* _Information given_
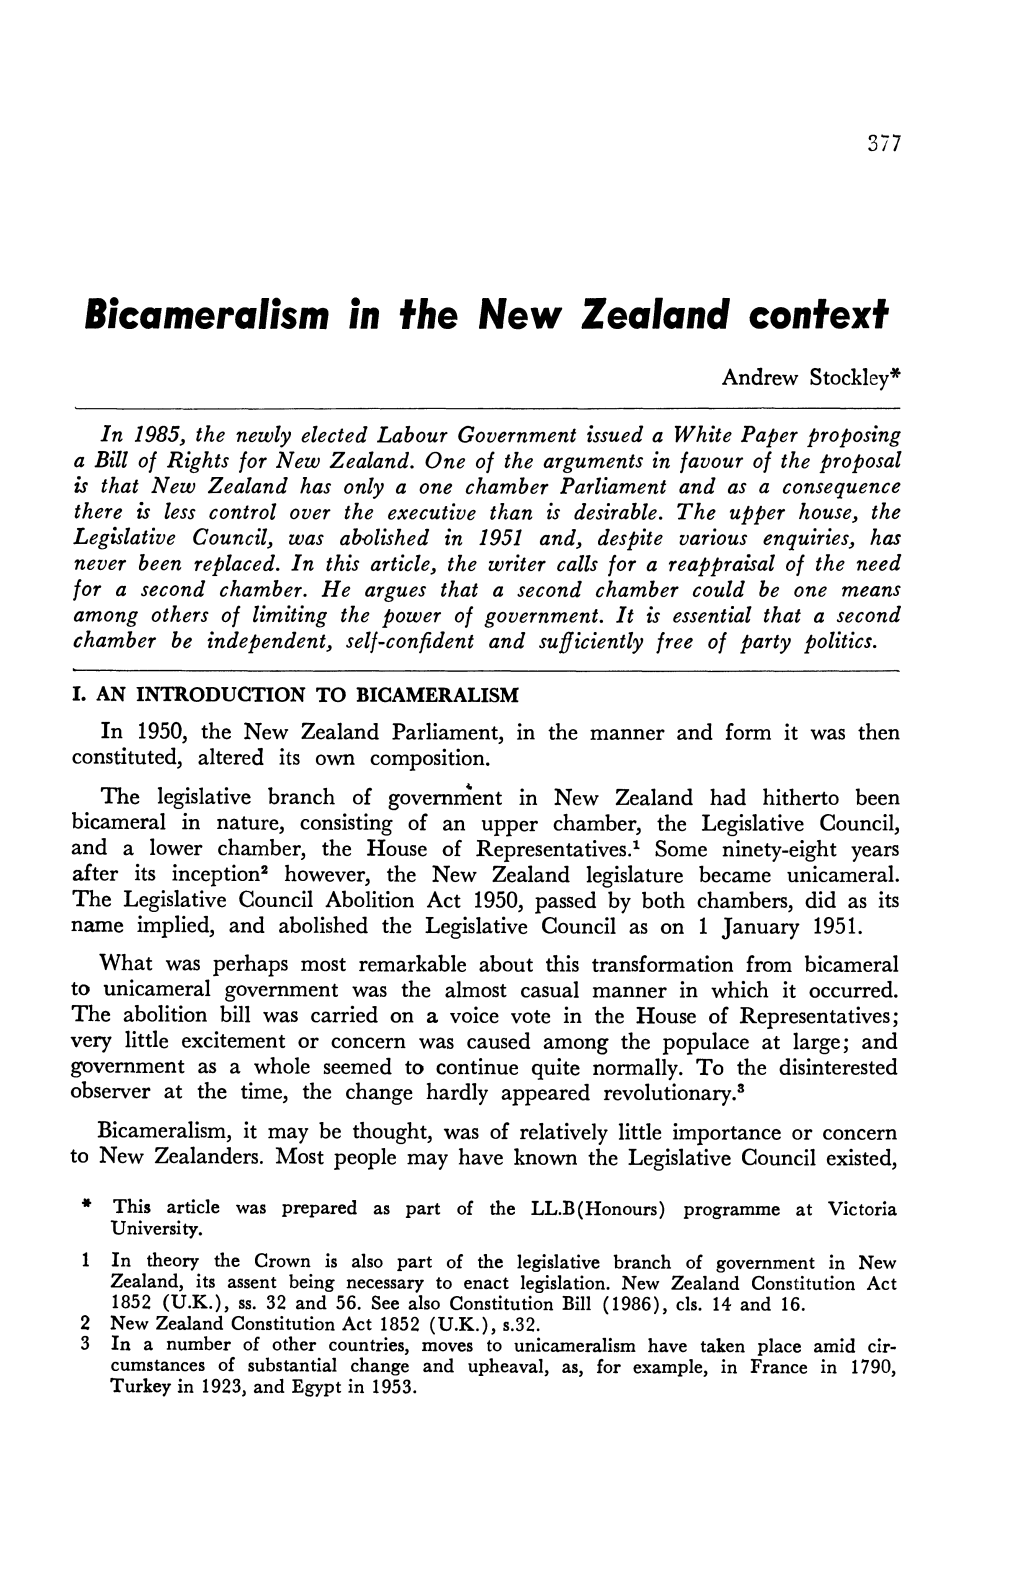 Bicameralism in the New Zealand Context
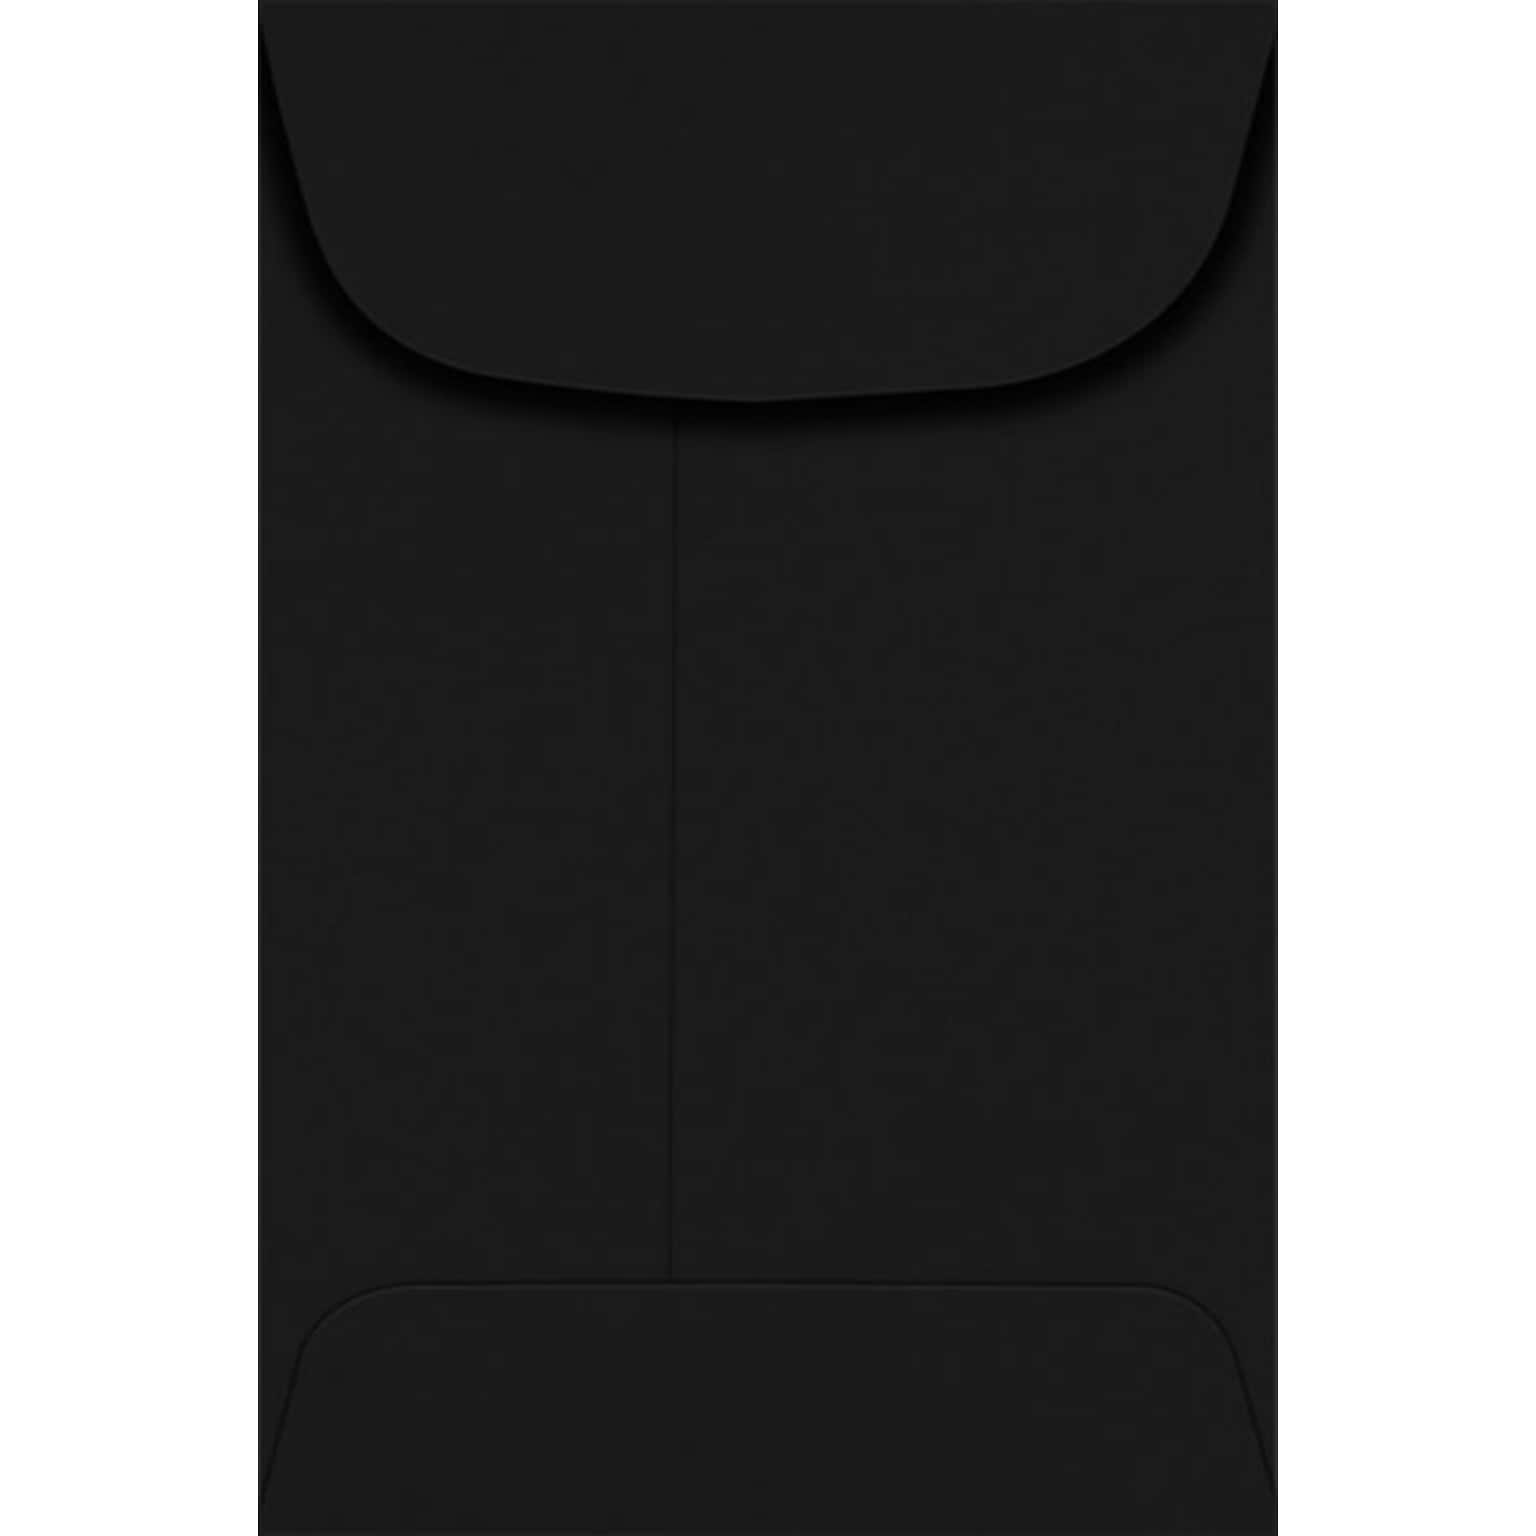 LUX #4 Coin Envelopes (3 x 4 1/2) - Midnight Black 250/Pack, 80lb. Midnight Black (LUX-4CO-B-250)
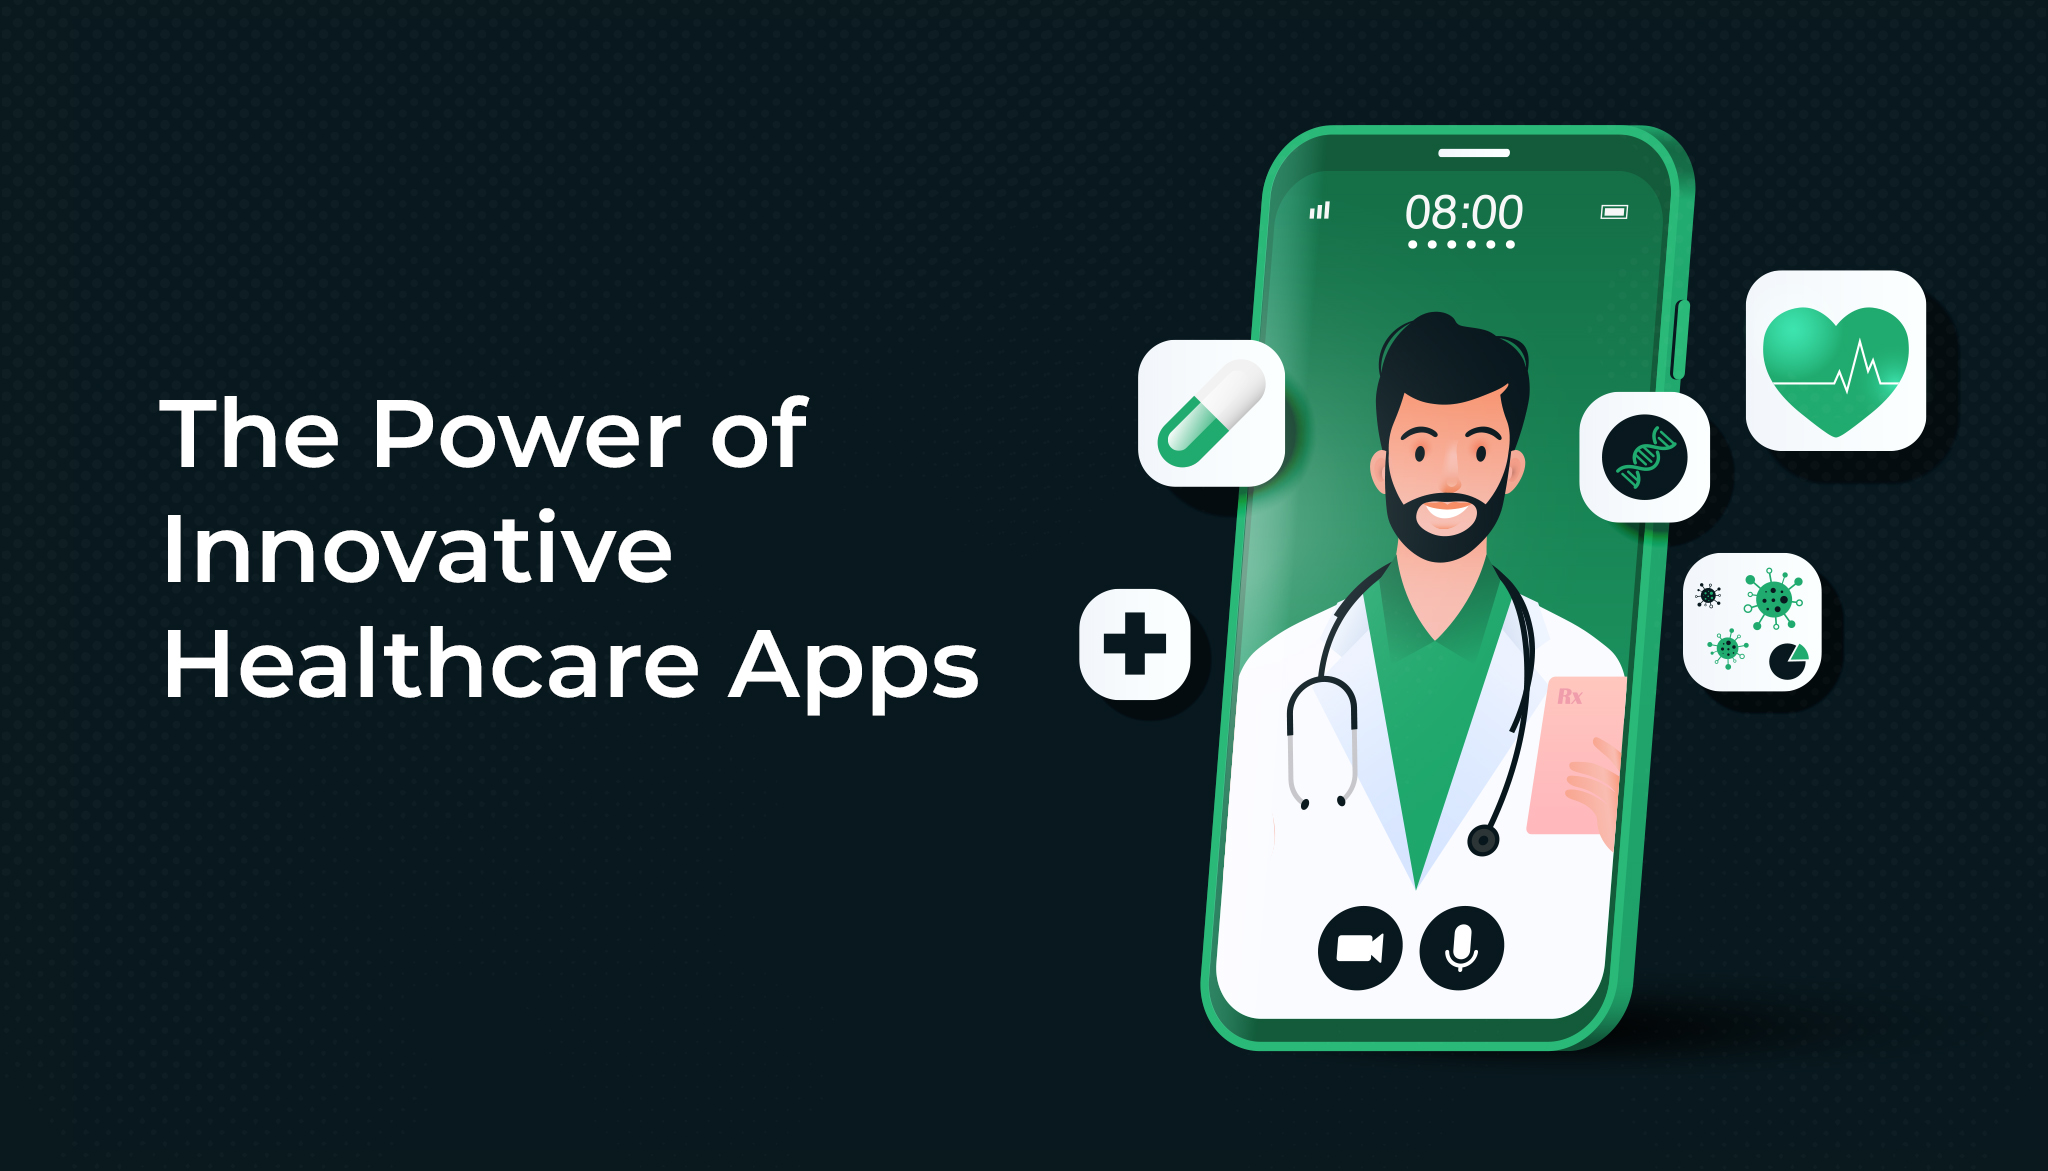 The Power of Innovative Healthcare Apps
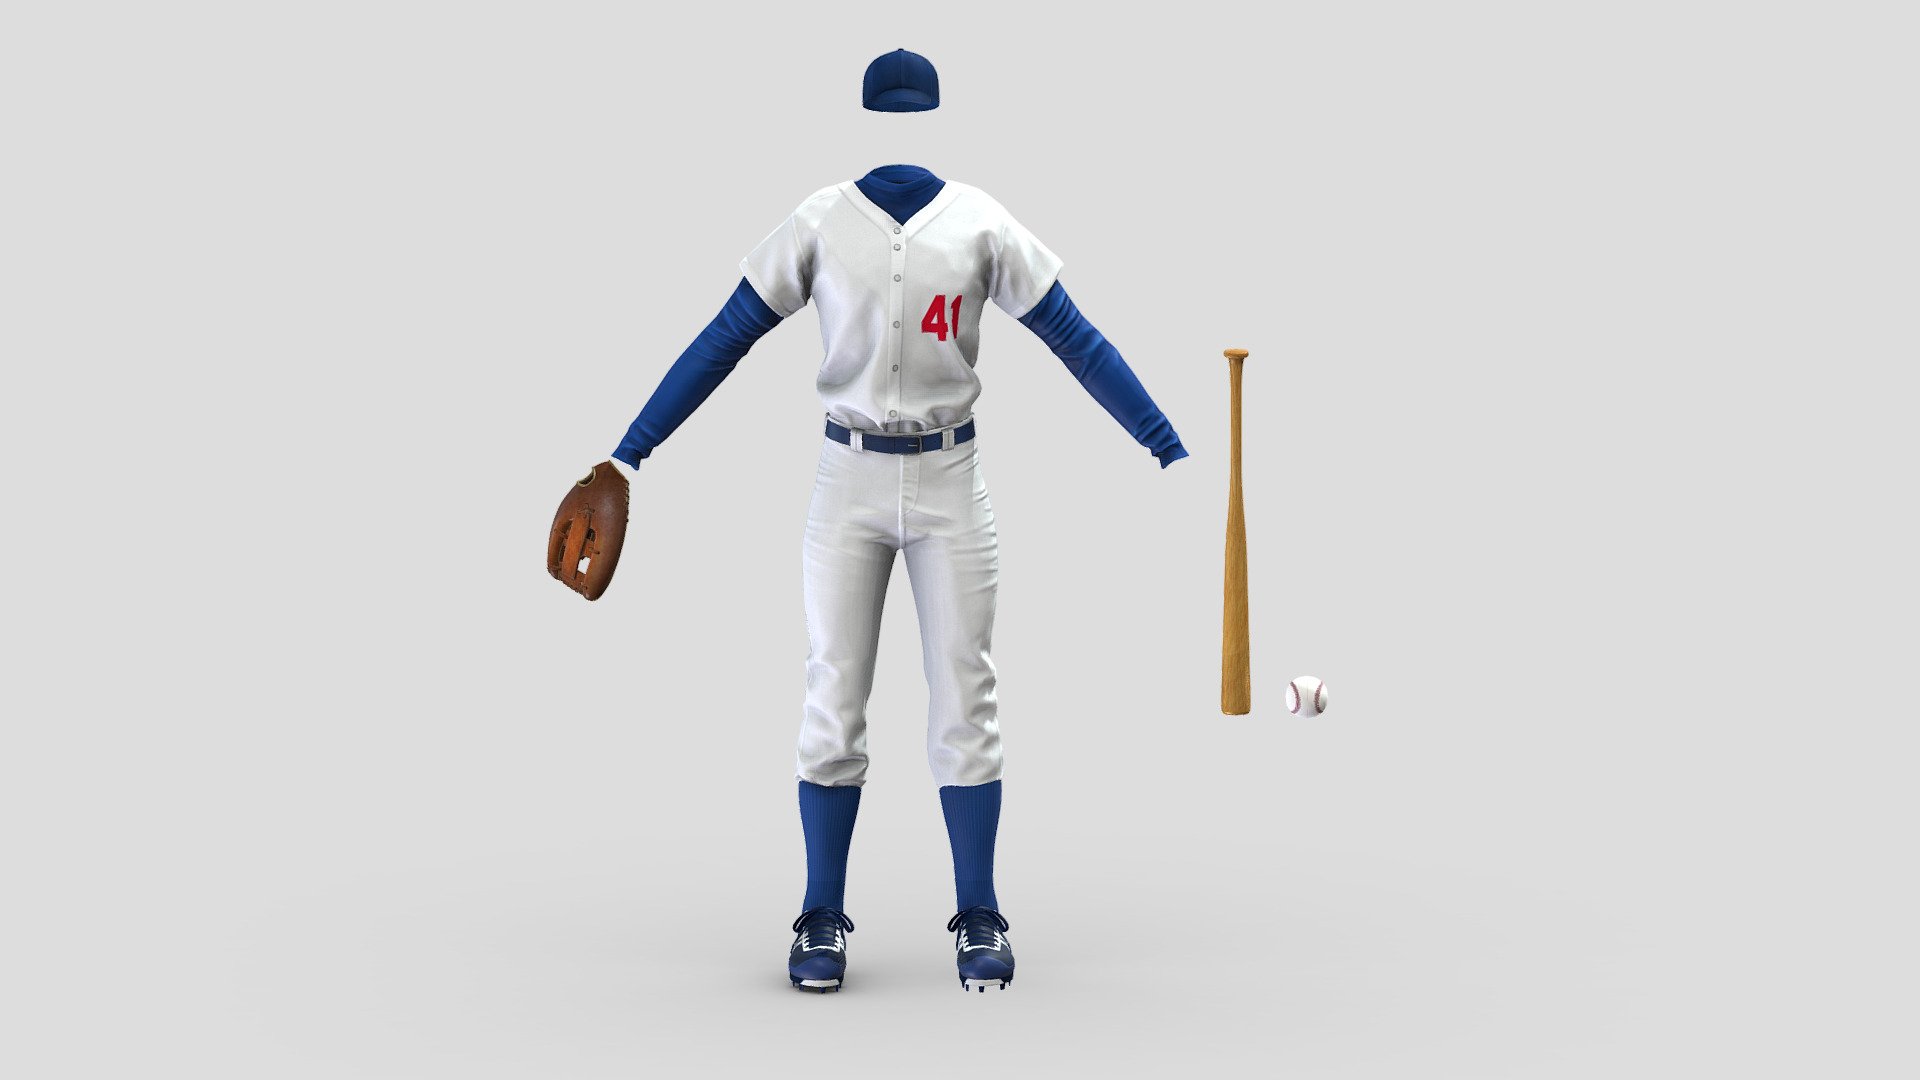 Hat, Uniform, Ball, Bat, Shoes, Gloves are separate objects (can be used separately)

Can fit to any character, ready for games

Quads, clean topology

No overlapping unwrapped UVs

High quality realistic textues : baked albedo, specular, normals, ao

FBX, OBJ, gITF, USDZ (request other formats)

PBR or Classic

Please ask for any other questions

Type     user:3dia &ldquo;search term

* _Task to carry out_
Pictures stay out; reproduce exactly the lines from the one containing "Hat, Uniform, Ball, Bat, Shoes, Gloves" through the last line of the listing, both included.

* _Expected answer_
 Hat, Uniform, Ball, Bat, Shoes, Gloves are separate objects (can be used separately)

Can fit to any character, ready for games

Quads, clean topology

No overlapping unwrapped UVs

High quality realistic textues : baked albedo, specular, normals, ao

FBX, OBJ, gITF, USDZ (request other formats)

PBR or Classic

Please ask for any other questions

Type     user:3dia &ldquo;search term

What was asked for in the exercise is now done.